In the bid for good health we often consider diet and exercise but what about reducing stress to combat the growing national waistline? A study by the Institute of Public and Preventive Health at Georgia Health Sciences University suggests that learning to combat stress might be the key factor to improving health.
Researchers gathered a group of young African-American participants to study their response to stress and the impact this has on their blood pressure levels and sodium retention. Dr Gregory Harshfield, the hypertension researcher that led this study, found that 30 per cent of participants held onto 160mg of salt in response to stress. What’s more, their blood pressure reading went up seven points more than normal, and remained high for about an hour.

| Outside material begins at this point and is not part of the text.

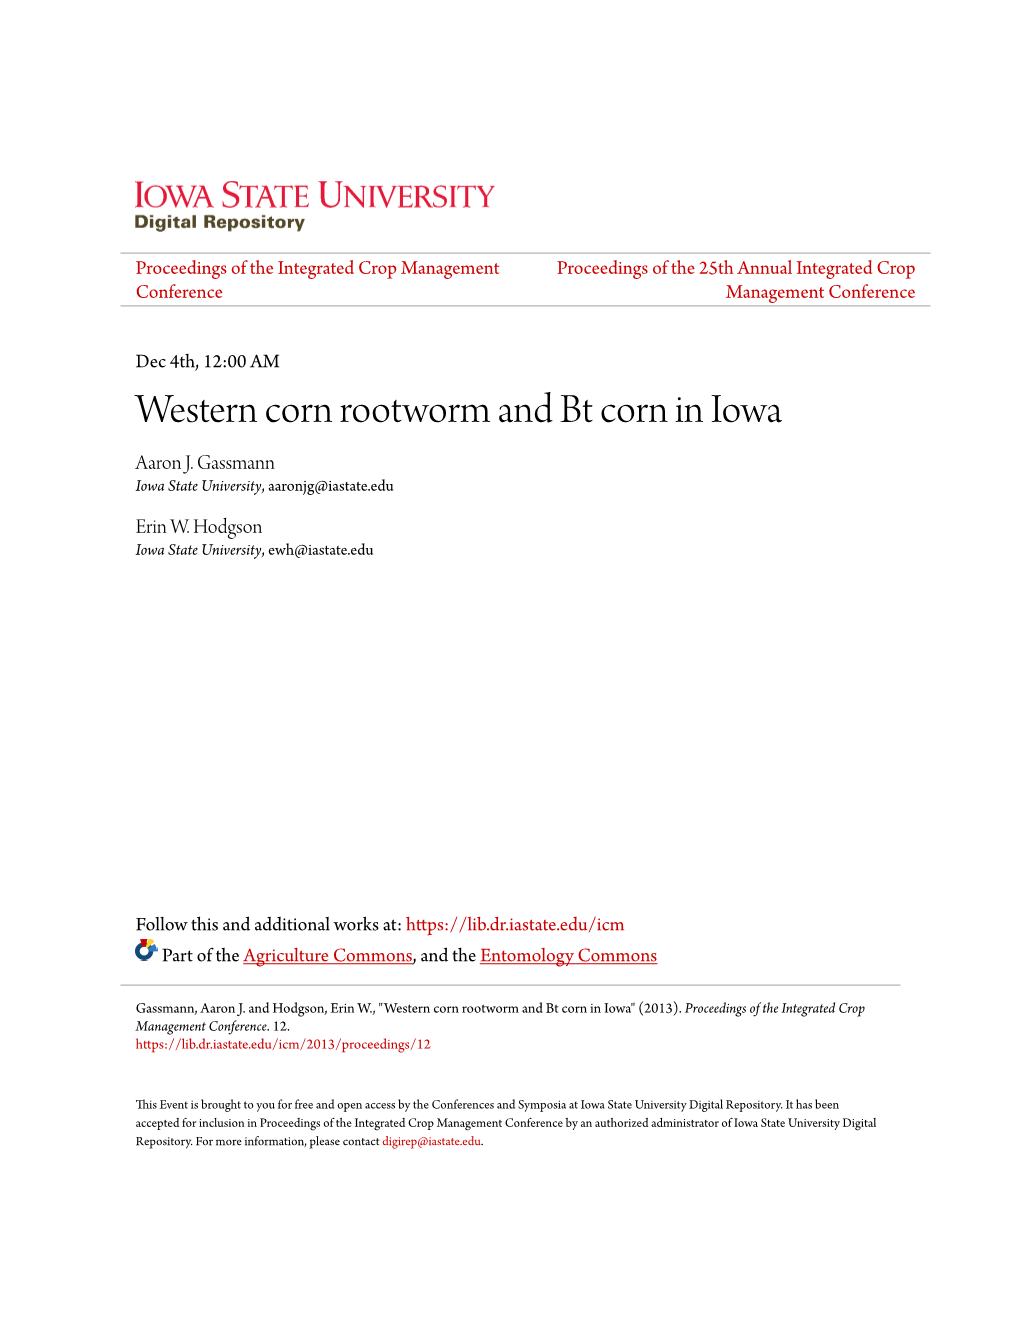 Western Corn Rootworm and Bt Corn in Iowa Aaron J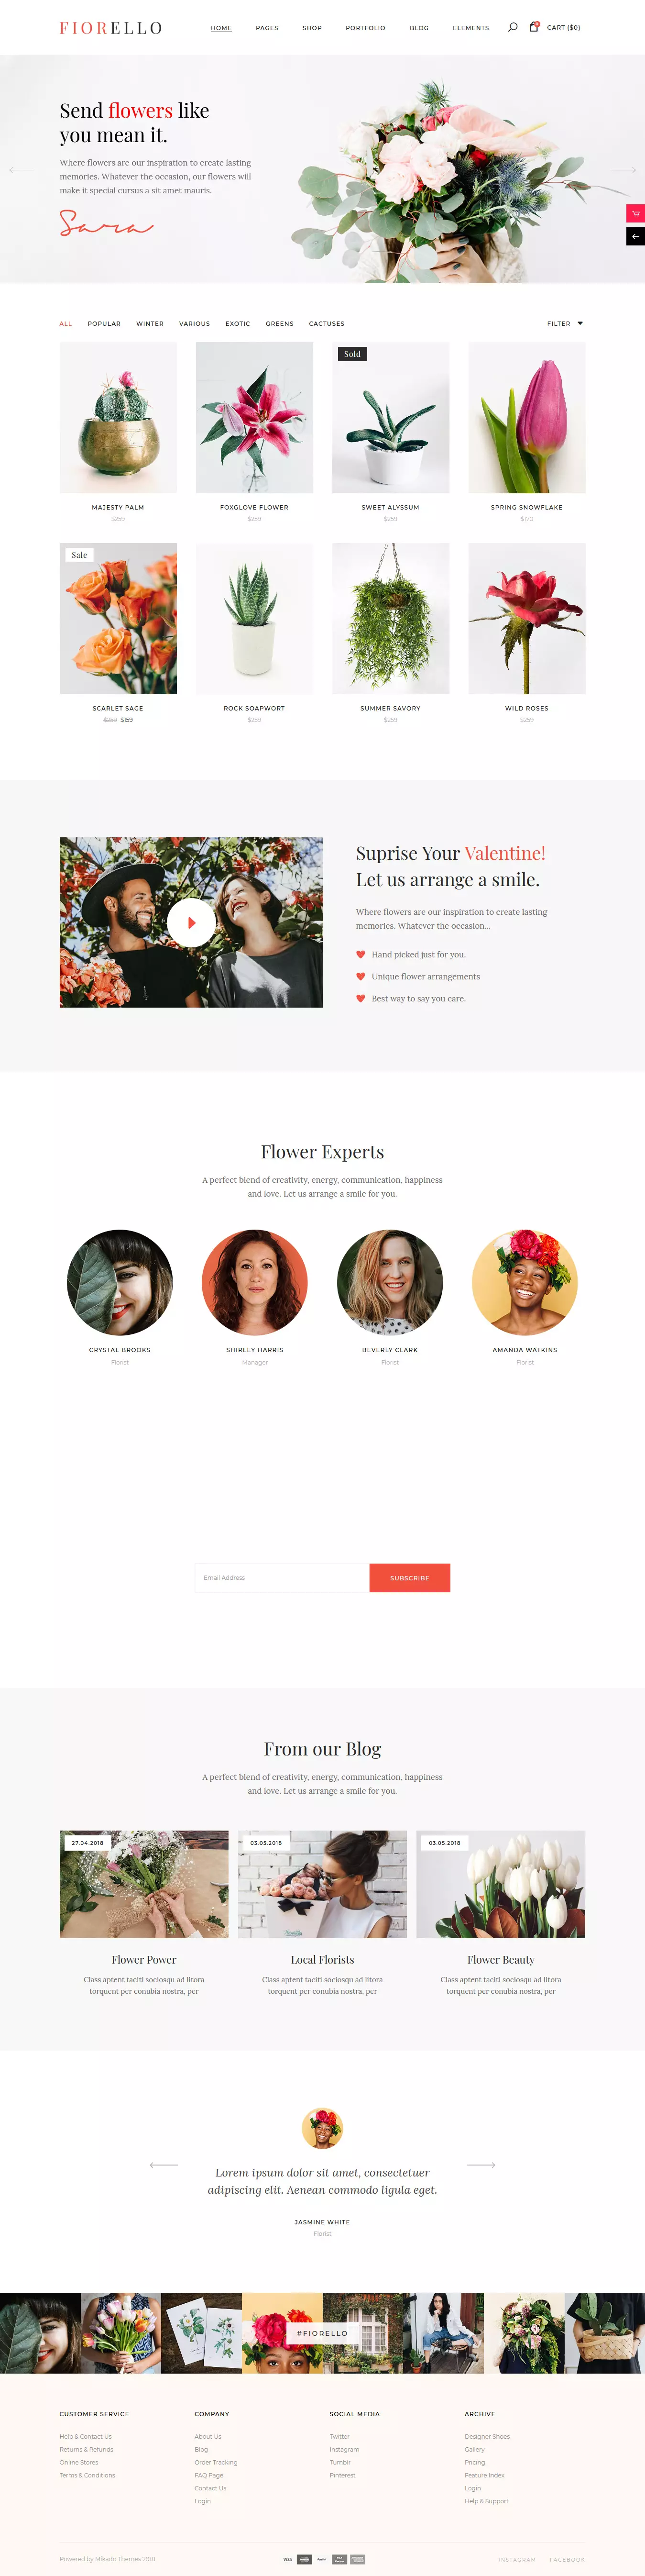 Fiorello - Best Premium Florist and Floriculture WordPress Theme

"Every time they are stressed, they hold onto as much salt as you get eating a small order of French fries and this can occur many times over the course of even a good day,” Dr Harshfield told reporters. He says that while everyone knows stress and a high-salt diet is unhealthy, they are particularly hazardous for the participants in this risk group. A similar study also found that people of Anglo-Saxon descent also experience issues with stress and salt retention, with ten per cent falling into the high-risk group.
So what can be done to counter these adverse effects? Harshfield found that these dangerously high sodium levels could be lifted with a common blood pressure treatment, angiotensin receptor blockers. As for the simplest solution? Cut down on high-sodium culprits like restaurant meals and processed food and be mindful of the way you manage stress levels throughout the day.